Harsh, "aliased" sound with digital TV converter box.

G-squared wrote:

You didn't look at PicScope - which is correct


Jim Mack wrote:

From the looks of this (lengthy) thread, I suspect there are a
few who might find this interesting. It's the beta version of a
"scope" pair that works on still images.

I actually do compute color difference signals (UV) to drive the
vectorscope, but I don't make them available at the line scope.
Still, the results can be instructive. A nice SMPTE color bar BMP
is included.

Take a look:

http://www.microdexterity.com/demos/PicScope.zip

--
Jim


Thanks Jim. How much does it cost?

GG


What was it the bartender said to the neutron?

We're treating this as an extended beta. Anyone can request a reg
code. We'd appreciate any feedback, and particularly any good sample
images that show the program's features to good effect.

Right now it's fully functional, with nags that the reg code removes.
When (if) it is available for sale, it'll be pretty cheap.

--
Jim

"Albert Manfredi" wrote in message
...

I keep trying to find the right combination of words to make this fact
click. If you can answer these questions specifically, and I mean
using simple algebra, you will notice without a shadow of a doubt that
all of the energy in an RGB signal is present also in the Y Pb Pr
signal, with no exception (unless one low-pass filters the difference
signals).

Of course that's true. So what? What does this have to do with the
discussion?

"jwvm" wrote in message
...

Color differences, however, are a function of both saturation
and luminance.

If they were, things wouldn't work the way they do.

On Mar 18, 12:14*pm, jwvm wrote:
On Mar 18, 3:10 pm, G-squared wrote:

snip

The difference signals ARE
strictly saturation / hue and the saturation CAN be high in low
luma
video. It's called illegal video.

You are absolutely correct that saturation can be high in dim areas
of
a scene. That is not what I was saying. Color differences, however,
are a function of both saturation and luminance. Differences will
be
higher in bright areas compared to dim areas even though identical
features in these areas have the same saturation. A strict
definition
of saturation such as for the HSI color model includes division by
the
intensity for normalization.

Changing saturation is very easy -
just change the amplitude of the differences.

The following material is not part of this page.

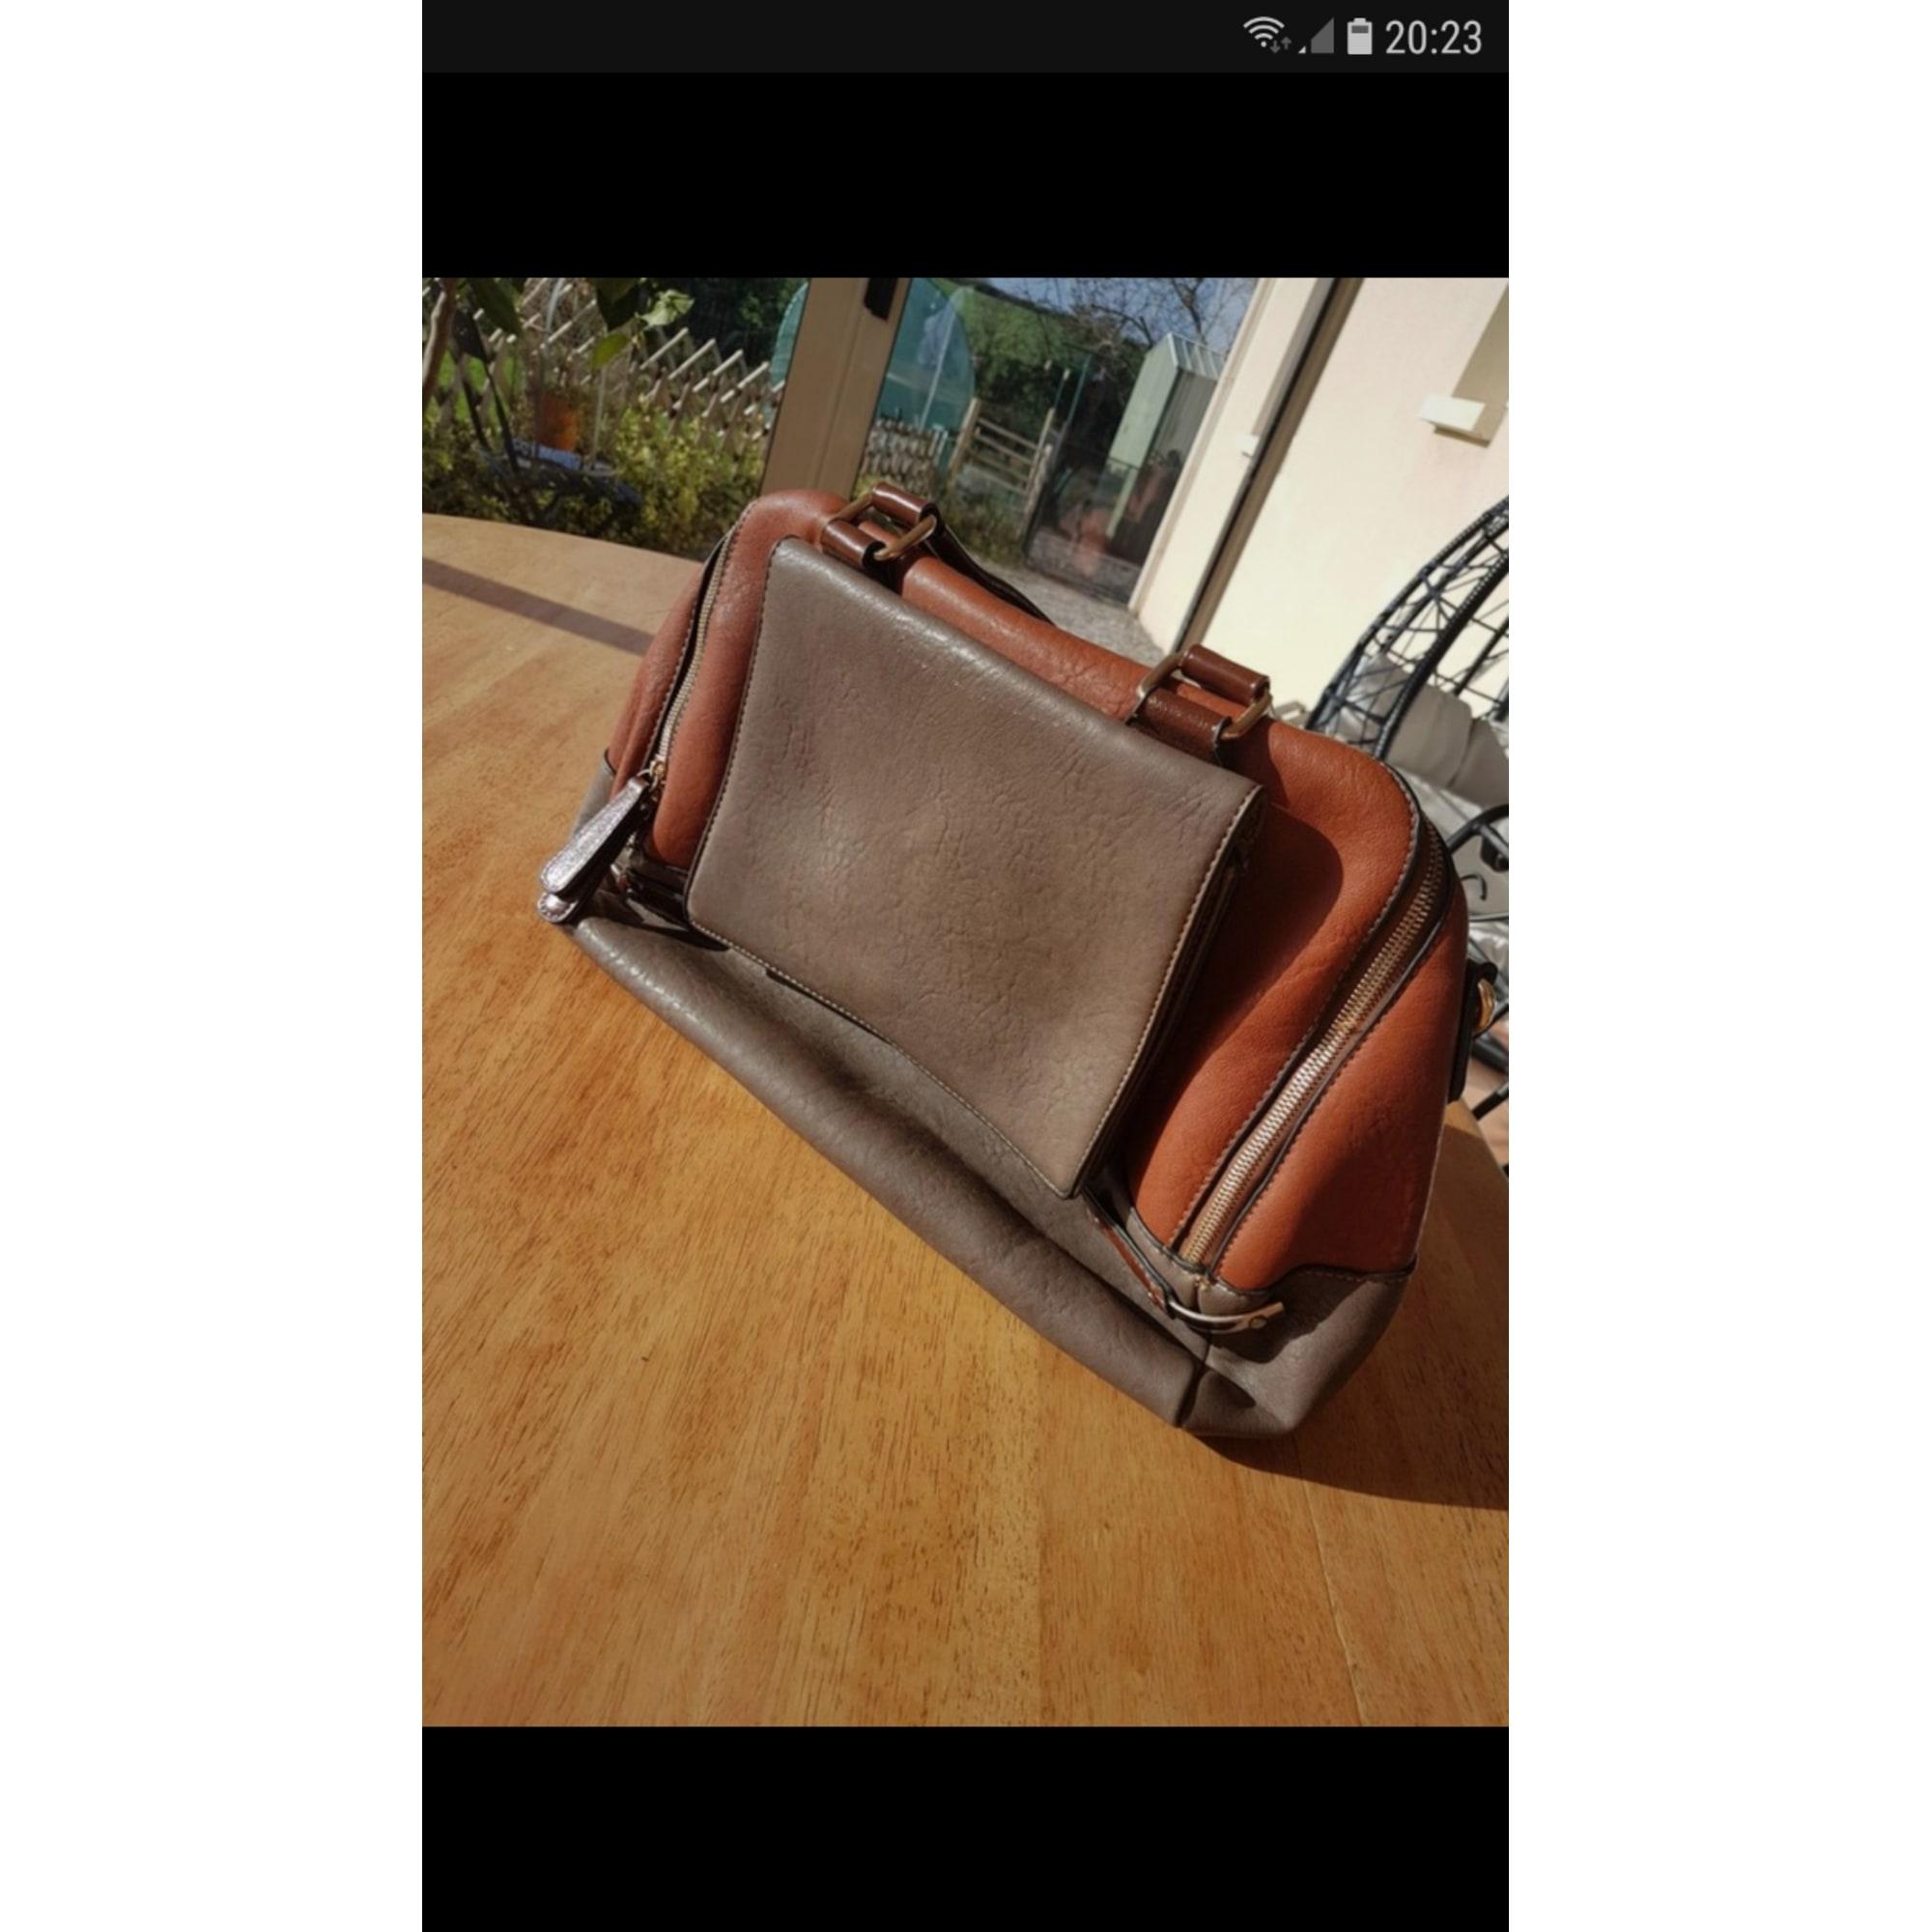 505360a8a9 Sac à main en cuir LANGRAND marron - 8553730

I have no problem here because significant information about
saturation is present in the difference signals. Please remember
that
this thread got started when William stated that simply finding
color
differences reduced bandwidth and justified it partially on the
basis
that there is no luminance information with color differences. This
is
not true as noted in my preceding comment.

You were incorrect then and now. There is no luminance information in
the color difference signals. Look at Jim Mack's PicScope (way cool
BTW). He includes a line rate grey scale. You will see no vectors
meaning there is no color, just greys. Color differences are _not_ a
function of the luminance level. While it is true that typical images
have less saturation in lower luminance areas, that does _not_ mean
that they cannot or do not. Computer graphics/animation folks
frequently push the envelope on that issue. It's mainly a problem with
composite transmitted in analog and nearly a non-issue in digital
NOT because of digital but limits on amplitude of subcarrier for
composite. Subcarrier cannot exceed 110 IRE or -20 IRE but MAY exceed
100 IRE of chroma as long as the luma value does not make the
subcarrier exceed the upper / lower limits.

William is correct on his assertion that there is no luminance
information in the difference channels. His minor mistake was
including the bandpass filtering of the difference channels and
interpreting it as one operation when it is 2 distinct operations.

GG

On Mar 18, 8:58*pm, "William Sommerwerck"
wrote:
"Albert Manfredi" wrote in message

I keep trying to find the right combination of words to make this fact
click. If you can answer these questions specifically, and I mean
using simple algebra, you will notice without a shadow of a doubt that
all of the energy in an RGB signal is present also in the Y Pb Pr
signal, with no exception (unless one low-pass filters the difference
signals).

Of course that's true. So what? What does this have to do with the
discussion?

It has EVERYTHING to do with the discussion.

I wrote:

Yes, I think you don't appreciate that what information is taken away
from the difference signals is information that is added back in the
form of the new Y component. And yet, it's a simple concept.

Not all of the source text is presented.